Coming out of the movie theater in London, I overheard a woman asking a friend, "Why won't they show it in America?" Having just seen the same demure, cosmetically attractive film, I understood her puzzlement. How to explain that in America, the very notion of "Lolita" seems more daring than it did 40 years ago? Reading about this film and the renewed comment it has provoked on the novel, I haven't been able to escape the conclusion that even people who profess to admire Nabokov's book would be a lot more comfortable if it wasn't about pedophilia, or at least if Humbert's obsession were entirely devoid of beauty. Of course Nabokov wrote a moral novel, but to speak of it that way feels like a falsification, an admission of unease. It's only a few short steps from protestations of the novel's morality to Catherine MacKinnon's remark (reported by Katie Roiphe) that "Lolita" is a book about the tragedy of child abuse.

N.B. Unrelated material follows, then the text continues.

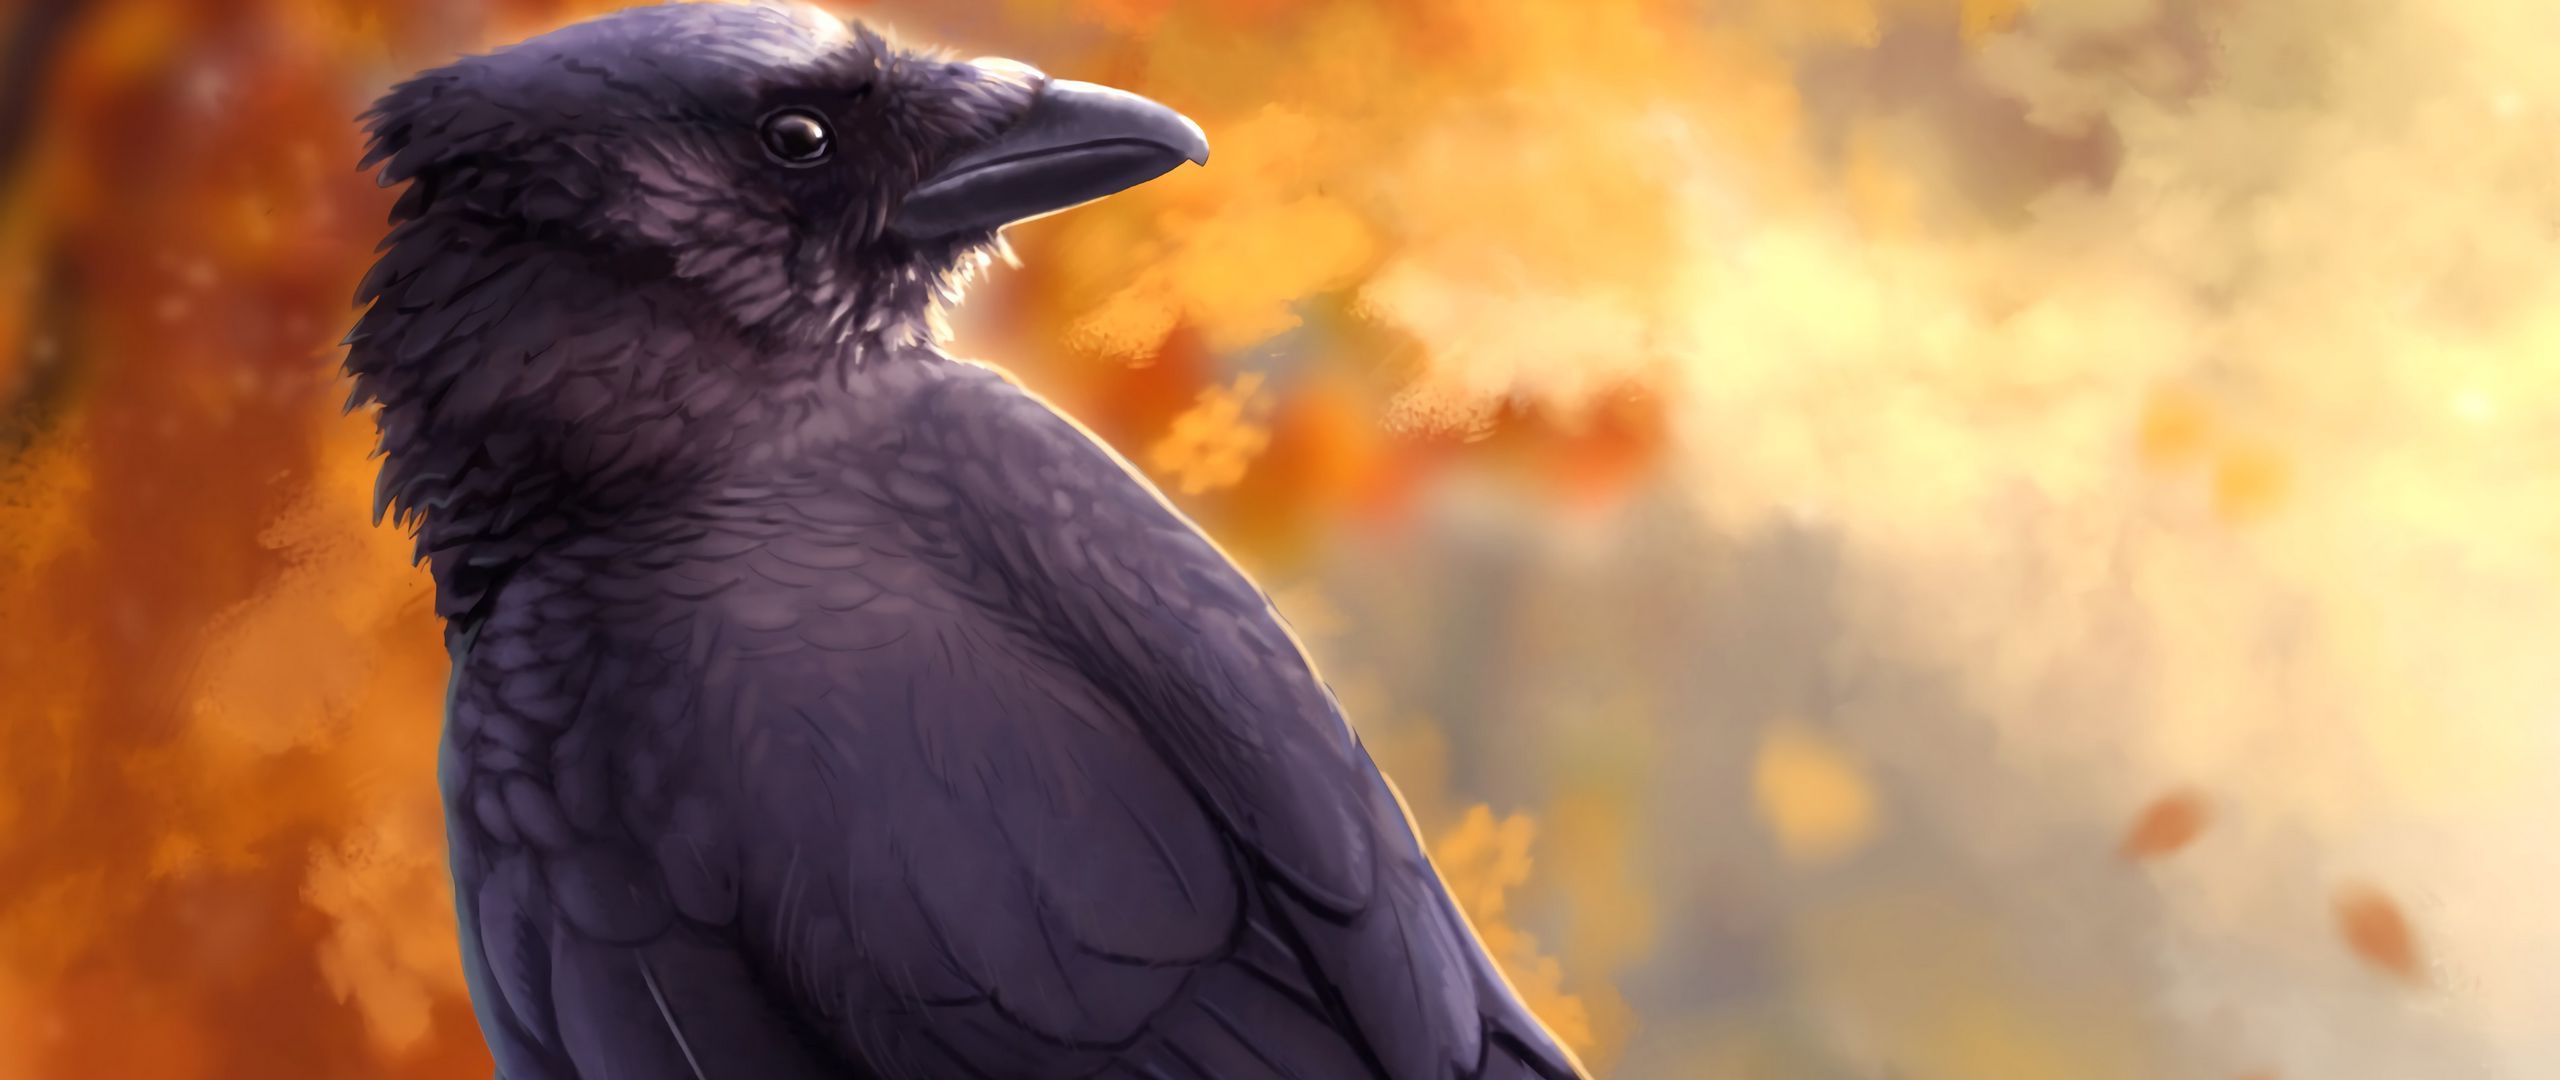 Download wallpaper 2560x1080 raven, bird, art, black, autumn dual wide 1080p HD background
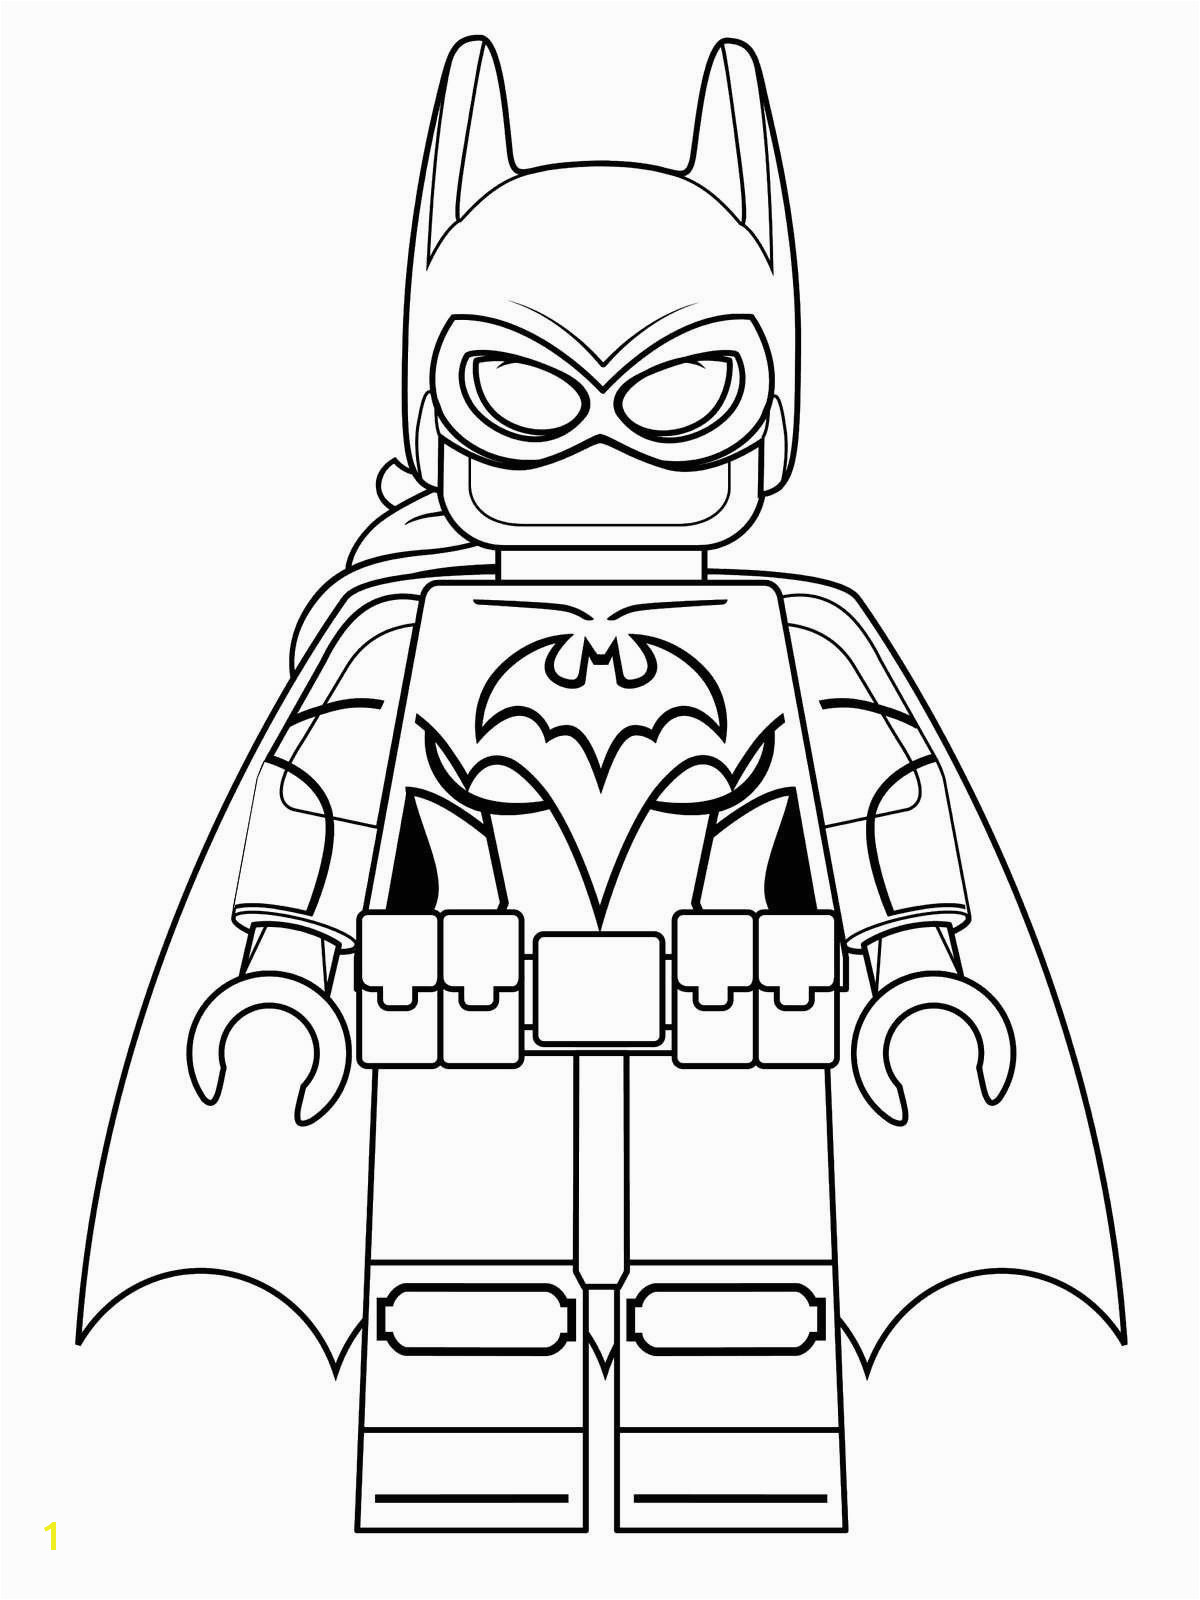 Lego Batman Coloring Page 32 Beste Von Ausmalbild Batman – Große Coloring Page Sammlung

I've no doubt that the American critics who've praised the film are sincere, just as I don't doubt it's easier to decry censorship when you can say a masterpiece is being suppressed. But that whole aura of respectability is part of what makes this "Lolita" such a benumbed affair in the first place. That Adrian Lyne's film is an honest failure doesn't make the way he and the film have been treated any less repulsive, or make it any less insulting that, in the name of protecting children, American moviegoers are being treated like children (as was Lyne, who had to have a lawyer present in the editing room to vet the final cut). All Lyne has done is made a bad film. Last time I checked, that wasn't a crime.